Comment briser une règle secrète de la télévision a contribué au succès des sopranos

David Chase a décidé d’enfreindre les règles du drame télévisé américain lorsqu’il a créé The Sopranos, interdisant un trope particulier pour rendre la série plus réelle.


Le refus de David Chase d’adhérer à une règle tacite à la télévision a contribué à assurer le succès de Les Sopranos. Le drame de gangsters de HBO est toujours salué comme l’un des plus grands drames télévisés américains de tous les temps, et il a perdu peu de son pouvoir au cours des années qui ont suivi la fin de sa diffusion. L’accent mis sur des personnages complexes et moralement compromis était un terrain relativement nouveau pour la télévision américaine à la fin des années 1990, et le succès de la façon dont David Chase et son équipe de rédaction ont géré ces personnages continue d’influencer les créateurs à ce jour.

FILM VIDÉO DU JOUR

Spectacles comme Breaking Bad, Des hommes fous, et même Jeu des trônes ont essayé de répéter le succès de Les Sopranos avec des résultats mitigés. Tous ces spectacles suivent le modèle défini par David Chase et le personnage de Tony Soprano (James Gandolfini). Cependant, pour Les Sopranos pour redéfinir les règles de la télévision pour les générations futures, il a dû enfreindre bon nombre des règles existantes de la télévision contemporaine. L’une des décisions créatives les plus importantes que David Chase a prises au début a été d’interdire un trope de spectacle commun, allant à l’encontre de ce qui se passait ailleurs à la télévision à la fin des années 1990.


Pourquoi les sopranos ont interdit « Walk And Talks » (et pourquoi cela a aidé le spectacle)

James Gandolfini dans le rôle de Tony Soprano et le casting de l'aile ouest marchant et parlant

L’utilisation la plus infâme du trope « Walk and Talk » est dans Aaron Sorkin L’aile ouestqui a commencé à être diffusé sur NBC en 1999 – la même année que HBO a commencé à diffuser David Chase Les Sopranos. Le spectacle de Sorkin incluait régulièrement de longues scènes où le président Jed Bartlett (Martin Sheen) et son personnel se promenaient dans les couloirs de la Maison Blanche, offrant une exposition accrocheuse. Ces types de scènes étaient appréciés des dirigeants du réseau parce que la caméra était centrée sur les personnages qui parlaient, ce qui signifiait que moins d’attention était accordée aux lieux, économisant ainsi de l’argent sur la conception de la production et la construction des décors.

Comme révélé dans le livre de Brett Martin Hommes difficiles : Dans les coulisses d’une révolution créative : des Sopranos et The Wire à Mad Men et Breaking Bad, David Chase aurait été défavorable à ce genre de scènes. En tant que tel, il leur a carrément interdit de figurer dans Les Sopranos. Cela a permis des conversations se dérouler de manière reconnaissable Sopranos des endroits comme les arrière-salles de Satriale’s Pork Store et le club de strip-tease Bada-Bing. En tandem avec les extérieurs de la vie réelle, cette décision d’enraciner les conversations dans des emplacements fixes ancrés Les Sopranos dans un monde crédible.
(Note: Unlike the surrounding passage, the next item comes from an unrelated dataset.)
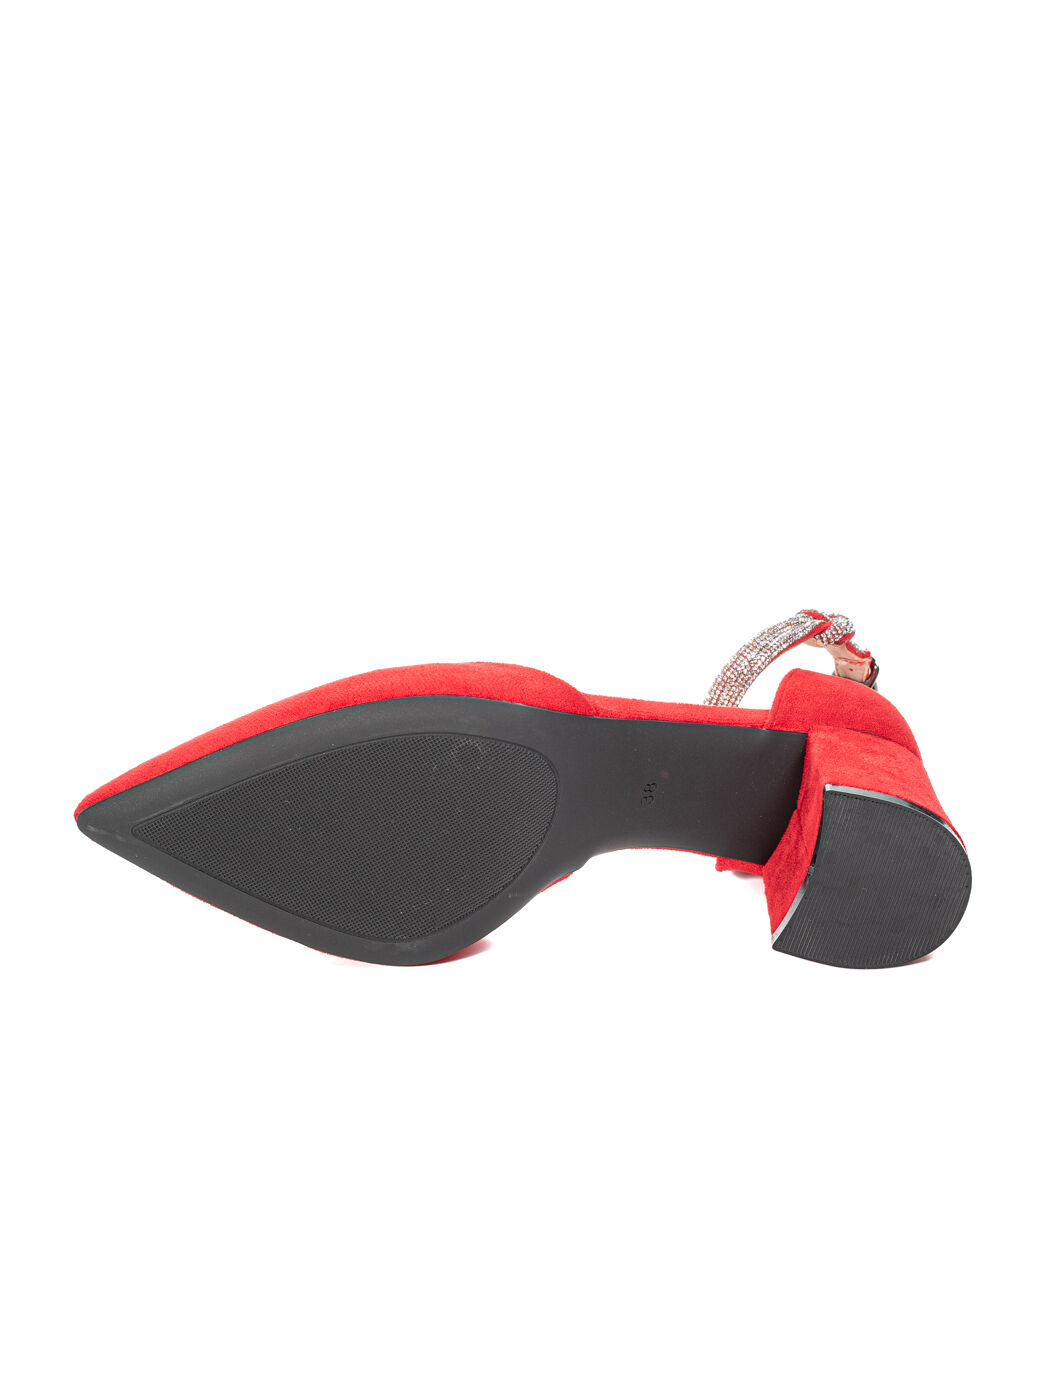 Туфли лодочки женские красные экозамша каблук устойчивый лето 1-red-M вид 1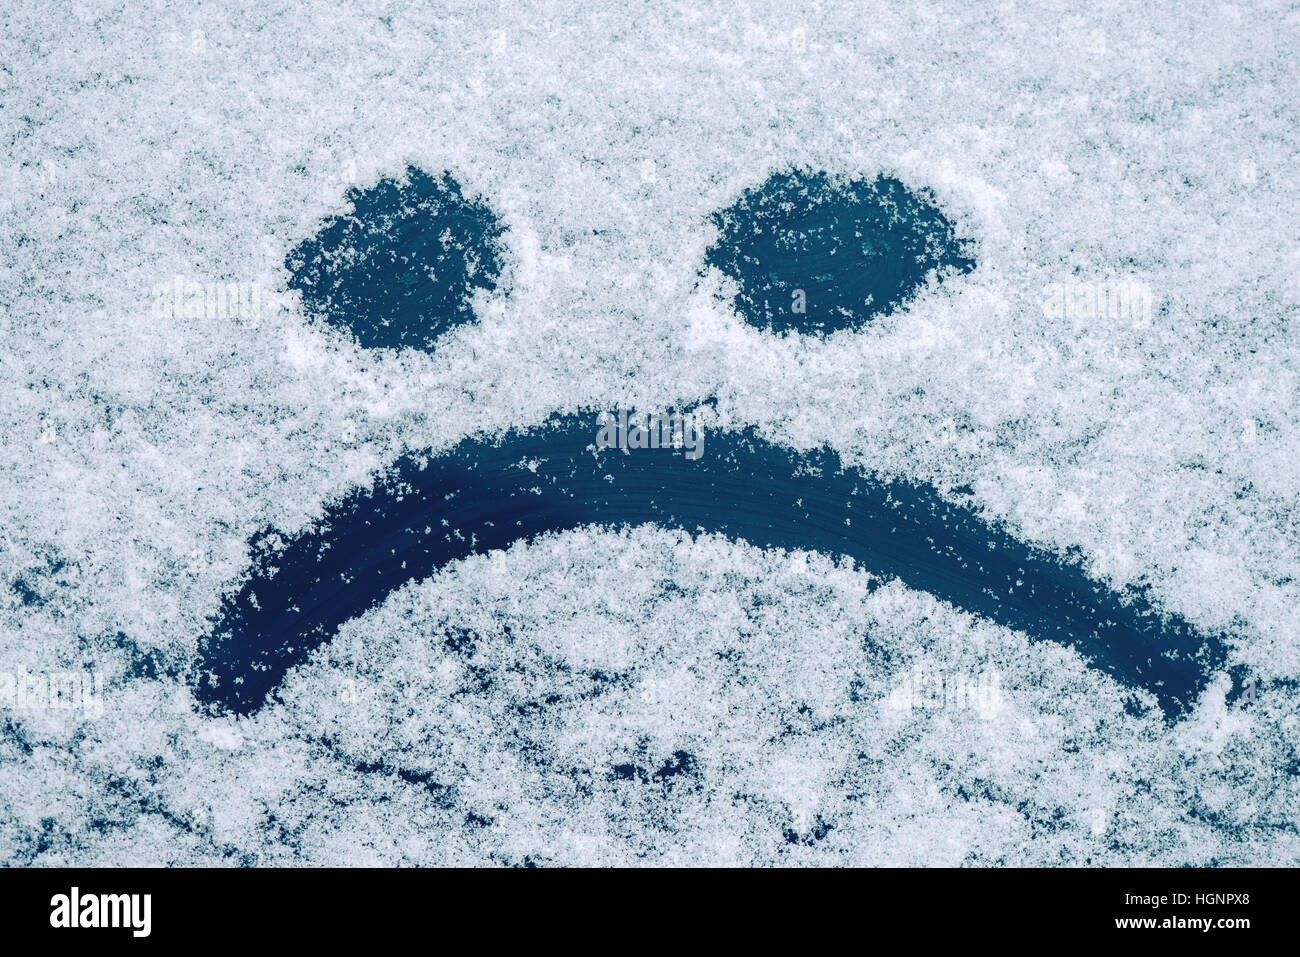 Traurige Smiley Emoticon Gesicht gezeichnet auf schneebedeckten Glas, Winter Saison Traurigkeit Konzept Stockfoto

Pourquoi les sopranos ont enfreint tant de règles télévisées à l’époque

Le casting des Sopranos en vedette

Le « Walk and Talk » n’était pas la seule règle enfreinte par Les Sopranos. Associer le genre gangster à la fois à un drame familial et à la psychiatrie contemporaine a permis à l’émission d’explorer des thèmes tels que la masculinité toxique et la santé mentale masculine. Il n’y avait pas d’autre émission comme celle-ci à l’époque, et la plus grande règle que l’émission a enfreinte concernait ses protagonistes. Alors que la télévision en réseau décrivait régulièrement des détectives adultères ou alcooliques dans des émissions comme NYPD bleu ou alors Homicide : la vie dans la rue, ils étaient fondamentalement du bon côté de la loi. On ne pourrait pas en dire autant de ceux comme Les Sopranos‘ Paulie Walnuts (Tony Sirico) ou Christopher Moltisanti (Michael Imperioli).

David Chase s’est débarrassé des règles restrictives de la télévision en réseau lors de la création Les Sopranos parce que le spectacle n’aurait pas été fait avec eux en place. La nécessité que les mauvaises personnes soient punies pour leurs actions – ou que les personnages apprennent de précieuses leçons de morale – ne cadrerait tout simplement pas dans une émission si fermement axée sur la criminalité. Alors David Chase a déchiré le livre de règles quand il a créé Les Sopranoset le paysage télévisuel s’est ainsi beaucoup enrichi.